_Your instructions_. Each record beneath this sentence is to be transcribed exactly as it reads.

_Supplied material_.
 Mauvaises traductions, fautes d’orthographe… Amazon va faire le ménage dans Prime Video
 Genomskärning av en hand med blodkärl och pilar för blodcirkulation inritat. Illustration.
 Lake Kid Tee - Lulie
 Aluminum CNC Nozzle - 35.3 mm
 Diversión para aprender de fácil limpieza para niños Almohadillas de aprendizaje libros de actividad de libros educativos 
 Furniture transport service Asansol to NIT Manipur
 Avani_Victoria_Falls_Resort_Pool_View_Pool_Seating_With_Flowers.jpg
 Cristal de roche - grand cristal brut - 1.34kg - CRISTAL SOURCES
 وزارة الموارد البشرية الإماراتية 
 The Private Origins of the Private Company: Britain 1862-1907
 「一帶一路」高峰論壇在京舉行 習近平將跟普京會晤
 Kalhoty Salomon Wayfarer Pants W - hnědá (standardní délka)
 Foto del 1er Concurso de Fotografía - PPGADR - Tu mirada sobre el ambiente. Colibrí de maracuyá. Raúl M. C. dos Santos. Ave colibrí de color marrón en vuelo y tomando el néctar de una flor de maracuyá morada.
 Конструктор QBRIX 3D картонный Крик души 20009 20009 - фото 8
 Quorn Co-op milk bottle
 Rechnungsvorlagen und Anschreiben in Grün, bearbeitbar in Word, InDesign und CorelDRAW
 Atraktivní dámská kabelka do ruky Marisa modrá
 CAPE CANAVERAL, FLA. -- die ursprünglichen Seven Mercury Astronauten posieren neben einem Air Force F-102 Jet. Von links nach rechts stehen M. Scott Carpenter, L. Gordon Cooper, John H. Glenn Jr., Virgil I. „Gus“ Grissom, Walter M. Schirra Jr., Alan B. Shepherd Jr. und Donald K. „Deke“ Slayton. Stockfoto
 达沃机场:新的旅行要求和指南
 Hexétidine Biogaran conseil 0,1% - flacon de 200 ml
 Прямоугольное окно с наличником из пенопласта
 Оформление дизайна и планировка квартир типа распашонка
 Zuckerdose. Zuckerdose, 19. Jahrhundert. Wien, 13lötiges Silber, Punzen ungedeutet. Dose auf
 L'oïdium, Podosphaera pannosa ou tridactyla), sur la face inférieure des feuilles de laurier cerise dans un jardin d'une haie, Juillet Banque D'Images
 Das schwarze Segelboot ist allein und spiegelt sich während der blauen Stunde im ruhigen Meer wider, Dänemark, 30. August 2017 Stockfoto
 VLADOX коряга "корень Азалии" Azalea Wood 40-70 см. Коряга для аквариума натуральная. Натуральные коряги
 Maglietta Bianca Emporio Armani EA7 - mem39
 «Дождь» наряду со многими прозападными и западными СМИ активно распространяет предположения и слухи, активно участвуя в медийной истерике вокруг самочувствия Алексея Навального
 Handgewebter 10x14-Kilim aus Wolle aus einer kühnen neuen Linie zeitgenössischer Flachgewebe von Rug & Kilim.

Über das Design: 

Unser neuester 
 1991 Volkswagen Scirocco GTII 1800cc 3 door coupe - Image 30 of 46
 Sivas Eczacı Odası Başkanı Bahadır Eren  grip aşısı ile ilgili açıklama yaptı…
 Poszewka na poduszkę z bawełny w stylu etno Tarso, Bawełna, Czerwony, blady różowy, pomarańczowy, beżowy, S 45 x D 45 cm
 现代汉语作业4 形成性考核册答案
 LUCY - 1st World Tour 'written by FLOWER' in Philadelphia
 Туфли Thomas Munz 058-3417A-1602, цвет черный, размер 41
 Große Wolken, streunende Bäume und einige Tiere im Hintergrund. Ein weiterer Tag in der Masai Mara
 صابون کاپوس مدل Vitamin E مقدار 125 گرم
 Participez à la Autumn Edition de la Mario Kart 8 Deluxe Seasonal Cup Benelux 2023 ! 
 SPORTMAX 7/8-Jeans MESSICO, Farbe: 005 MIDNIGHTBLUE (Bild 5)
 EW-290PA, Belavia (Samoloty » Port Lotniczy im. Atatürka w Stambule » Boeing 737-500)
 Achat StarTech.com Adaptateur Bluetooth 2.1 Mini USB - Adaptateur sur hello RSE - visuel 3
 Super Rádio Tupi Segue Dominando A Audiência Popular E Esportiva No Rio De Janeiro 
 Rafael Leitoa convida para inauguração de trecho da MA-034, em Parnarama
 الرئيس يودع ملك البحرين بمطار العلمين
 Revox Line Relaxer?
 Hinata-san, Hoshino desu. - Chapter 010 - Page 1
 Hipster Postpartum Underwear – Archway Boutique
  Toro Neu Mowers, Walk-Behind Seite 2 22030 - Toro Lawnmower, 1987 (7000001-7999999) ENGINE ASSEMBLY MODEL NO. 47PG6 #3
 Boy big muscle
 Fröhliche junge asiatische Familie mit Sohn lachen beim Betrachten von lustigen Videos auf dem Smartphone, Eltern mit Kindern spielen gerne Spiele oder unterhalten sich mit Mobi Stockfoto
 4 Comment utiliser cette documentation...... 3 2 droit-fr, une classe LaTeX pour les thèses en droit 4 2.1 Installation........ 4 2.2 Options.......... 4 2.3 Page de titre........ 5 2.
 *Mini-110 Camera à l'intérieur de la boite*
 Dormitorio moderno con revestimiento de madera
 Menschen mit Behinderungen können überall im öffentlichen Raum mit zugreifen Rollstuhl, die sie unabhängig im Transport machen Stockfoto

_Problem solution_.
 Mauvaises traductions, fautes d’orthographe… Amazon va faire le ménage dans Prime Video
 Genomskärning av en hand med blodkärl och pilar för blodcirkulation inritat. Illustration.
 Lake Kid Tee - Lulie
 Aluminum CNC Nozzle - 35.3 mm
 Diversión para aprender de fácil limpieza para niños Almohadillas de aprendizaje libros de actividad de libros educativos 
 Furniture transport service Asansol to NIT Manipur
 Avani_Victoria_Falls_Resort_Pool_View_Pool_Seating_With_Flowers.jpg
 Cristal de roche - grand cristal brut - 1.34kg - CRISTAL SOURCES
 وزارة الموارد البشرية الإماراتية 
 The Private Origins of the Private Company: Britain 1862-1907
 「一帶一路」高峰論壇在京舉行 習近平將跟普京會晤
 Kalhoty Salomon Wayfarer Pants W - hnědá (standardní délka)
 Foto del 1er Concurso de Fotografía - PPGADR - Tu mirada sobre el ambiente. Colibrí de maracuyá. Raúl M. C. dos Santos. Ave colibrí de color marrón en vuelo y tomando el néctar de una flor de maracuyá morada.
 Конструктор QBRIX 3D картонный Крик души 20009 20009 - фото 8
 Quorn Co-op milk bottle
 Rechnungsvorlagen und Anschreiben in Grün, bearbeitbar in Word, InDesign und CorelDRAW
 Atraktivní dámská kabelka do ruky Marisa modrá
 CAPE CANAVERAL, FLA. -- die ursprünglichen Seven Mercury Astronauten posieren neben einem Air Force F-102 Jet. Von links nach rechts stehen M. Scott Carpenter, L. Gordon Cooper, John H. Glenn Jr., Virgil I. „Gus“ Grissom, Walter M. Schirra Jr., Alan B. Shepherd Jr. und Donald K. „Deke“ Slayton. Stockfoto
 达沃机场:新的旅行要求和指南
 Hexétidine Biogaran conseil 0,1% - flacon de 200 ml
 Прямоугольное окно с наличником из пенопласта
 Оформление дизайна и планировка квартир типа распашонка
 Zuckerdose. Zuckerdose, 19. Jahrhundert. Wien, 13lötiges Silber, Punzen ungedeutet. Dose auf
 L'oïdium, Podosphaera pannosa ou tridactyla), sur la face inférieure des feuilles de laurier cerise dans un jardin d'une haie, Juillet Banque D'Images
 Das schwarze Segelboot ist allein und spiegelt sich während der blauen Stunde im ruhigen Meer wider, Dänemark, 30. August 2017 Stockfoto
 VLADOX коряга "корень Азалии" Azalea Wood 40-70 см. Коряга для аквариума натуральная. Натуральные коряги
 Maglietta Bianca Emporio Armani EA7 - mem39
 «Дождь» наряду со многими прозападными и западными СМИ активно распространяет предположения и слухи, активно участвуя в медийной истерике вокруг самочувствия Алексея Навального
 Handgewebter 10x14-Kilim aus Wolle aus einer kühnen neuen Linie zeitgenössischer Flachgewebe von Rug & Kilim.

Über das Design: 

Unser neuester 
 1991 Volkswagen Scirocco GTII 1800cc 3 door coupe - Image 30 of 46
 Sivas Eczacı Odası Başkanı Bahadır Eren  grip aşısı ile ilgili açıklama yaptı…
 Poszewka na poduszkę z bawełny w stylu etno Tarso, Bawełna, Czerwony, blady różowy, pomarańczowy, beżowy, S 45 x D 45 cm
 现代汉语作业4 形成性考核册答案
 LUCY - 1st World Tour 'written by FLOWER' in Philadelphia
 Туфли Thomas Munz 058-3417A-1602, цвет черный, размер 41
 Große Wolken, streunende Bäume und einige Tiere im Hintergrund. Ein weiterer Tag in der Masai Mara
 صابون کاپوس مدل Vitamin E مقدار 125 گرم
 Participez à la Autumn Edition de la Mario Kart 8 Deluxe Seasonal Cup Benelux 2023 ! 
 SPORTMAX 7/8-Jeans MESSICO, Farbe: 005 MIDNIGHTBLUE (Bild 5)
 EW-290PA, Belavia (Samoloty » Port Lotniczy im. Atatürka w Stambule » Boeing 737-500)
 Achat StarTech.com Adaptateur Bluetooth 2.1 Mini USB - Adaptateur sur hello RSE - visuel 3
 Super Rádio Tupi Segue Dominando A Audiência Popular E Esportiva No Rio De Janeiro 
 Rafael Leitoa convida para inauguração de trecho da MA-034, em Parnarama
 الرئيس يودع ملك البحرين بمطار العلمين
 Revox Line Relaxer?
 Hinata-san, Hoshino desu. - Chapter 010 - Page 1
 Hipster Postpartum Underwear – Archway Boutique
  Toro Neu Mowers, Walk-Behind Seite 2 22030 - Toro Lawnmower, 1987 (7000001-7999999) ENGINE ASSEMBLY MODEL NO. 47PG6 #3
 Boy big muscle
 Fröhliche junge asiatische Familie mit Sohn lachen beim Betrachten von lustigen Videos auf dem Smartphone, Eltern mit Kindern spielen gerne Spiele oder unterhalten sich mit Mobi Stockfoto
 4 Comment utiliser cette documentation...... 3 2 droit-fr, une classe LaTeX pour les thèses en droit 4 2.1 Installation........ 4 2.2 Options.......... 4 2.3 Page de titre........ 5 2.
 *Mini-110 Camera à l'intérieur de la boite*
 Dormitorio moderno con revestimiento de madera
 Menschen mit Behinderungen können überall im öffentlichen Raum mit zugreifen Rollstuhl, die sie unabhängig im Transport machen Stockfoto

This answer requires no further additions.